'''

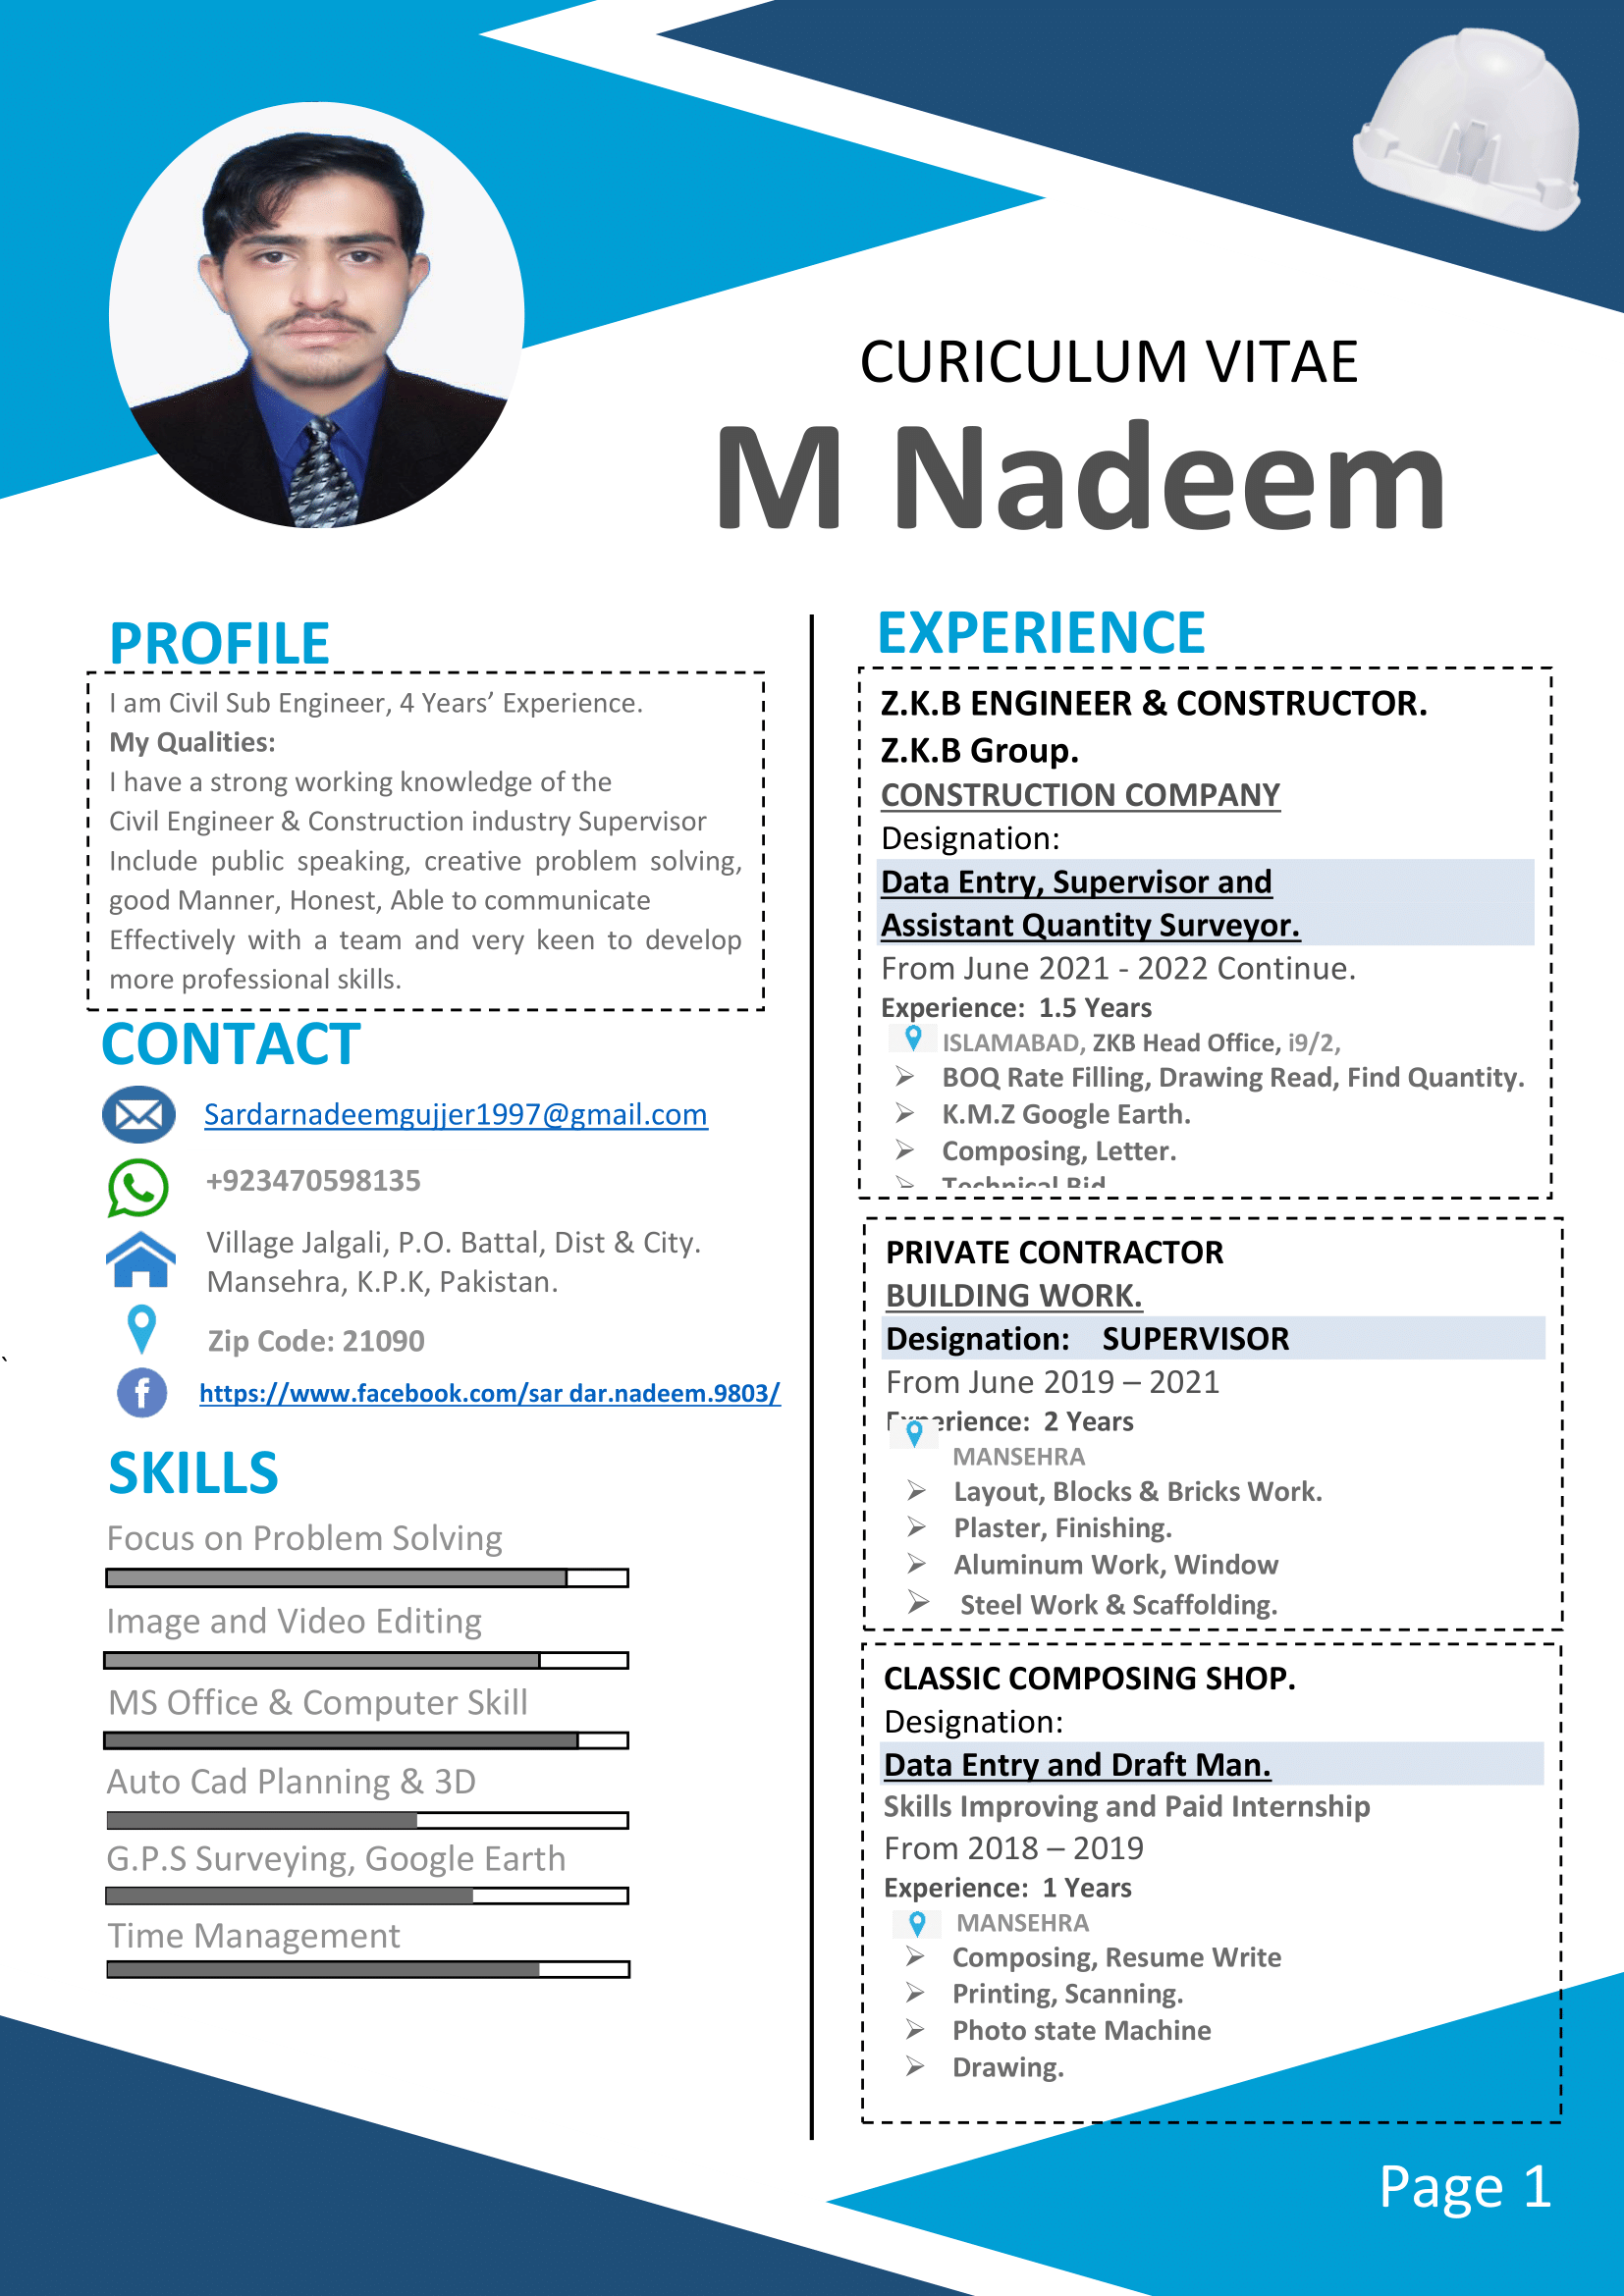 CURICULUM VITAE

M Nadeem

PROFILE EXPERIENCE

I'am Civil Sub Engineer, 4 Years’ Experience.

My Qualities:

I have a strong working knowledge of the

Civil Engineer &amp; Construction industry Supervisor
Include public speaking, creative problem solving,
good Manner, Honest, Able to communicate
Effectively with a team and very keen to develop

Z.K.B ENGINEER &amp; CONSTRUCTOR.
' Z.K.B Group. ‘
i CONSTRUCTION COMPANY
Designation: !
' Data Entry, Supervisor and ,
1 Assistant Quantity Surveyor.
|
I 1
i
' 1
' 1
1 1
|
I 1

From June 2021 - 2022 Continue.
Experience: 1.5 Years
9 ISLAMABAD, ZKB Head Office, i9/2,

more professional skills.

» BOQ Rate Filling, Drawing Read, Find Quantity.
SD Sardarnadeemguijjer1997 @gmail.com » K.M.Z Google Earth.

» Composing, Letter.
+923470598135

 

PRIVATE CONTRACTOR
BUILDING WORK.
Designation: SUPERVISOR
From June 2019 - 2021

1

1

Mansehra, K.P.K, Pakistan. '
1

1

1

|

Mg rience: 2 Years '
1

1

1

1

1

1

1

1

1

1

a Village Jalgali, P.O. Battal, Dist &amp; City.

Zip Code: 21090
oO https://www.facebook.com/sar dar.nadeem.9803/

SKILLS

Focus on Problem Solving

 

MANSEHRA
» Layout, Blocks &amp; Bricks Work.
» Plaster, Finishing.
» Aluminum Work, Window
» Steel Work &amp; Scaffolding.
i CLASSIC COMPOSING SHOP.
Designation:
, Data Entry and Draft Man.
1 Skills Improving and Paid Internship
i From 2018 - 2019
Experience: 1 Years
1
1
1
|
1
|
1
1
1
1

 

Image and Video Editing

 

MS Office &amp; Computer Skill

Auto Cad Planning &amp; 3D

G.P.S Surveying, Google Earth

Time Management 9 MANSEHRA }
Composing, Resume Write

r
» Printing, Scanning.
~
r

Photo state Machine
Drawing.

'''

• WHAT NEEDS TO BE DONE:
All that is wanted is a faithful reproduction of the line above with "oO https://www.facebook.com/sar dar.nadeem.9803/", the line with "Image and Video Editing", and every line in between.

• SOLUTION FOR THIS PROBLEM:
oO https://www.facebook.com/sar dar.nadeem.9803/

SKILLS

Focus on Problem Solving

 

MANSEHRA
» Layout, Blocks &amp; Bricks Work.
» Plaster, Finishing.
» Aluminum Work, Window
» Steel Work &amp; Scaffolding.
i CLASSIC COMPOSING SHOP.
Designation:
, Data Entry and Draft Man.
1 Skills Improving and Paid Internship
i From 2018 - 2019
Experience: 1 Years
1
1
1
|
1
|
1
1
1
1

 

Image and Video Editing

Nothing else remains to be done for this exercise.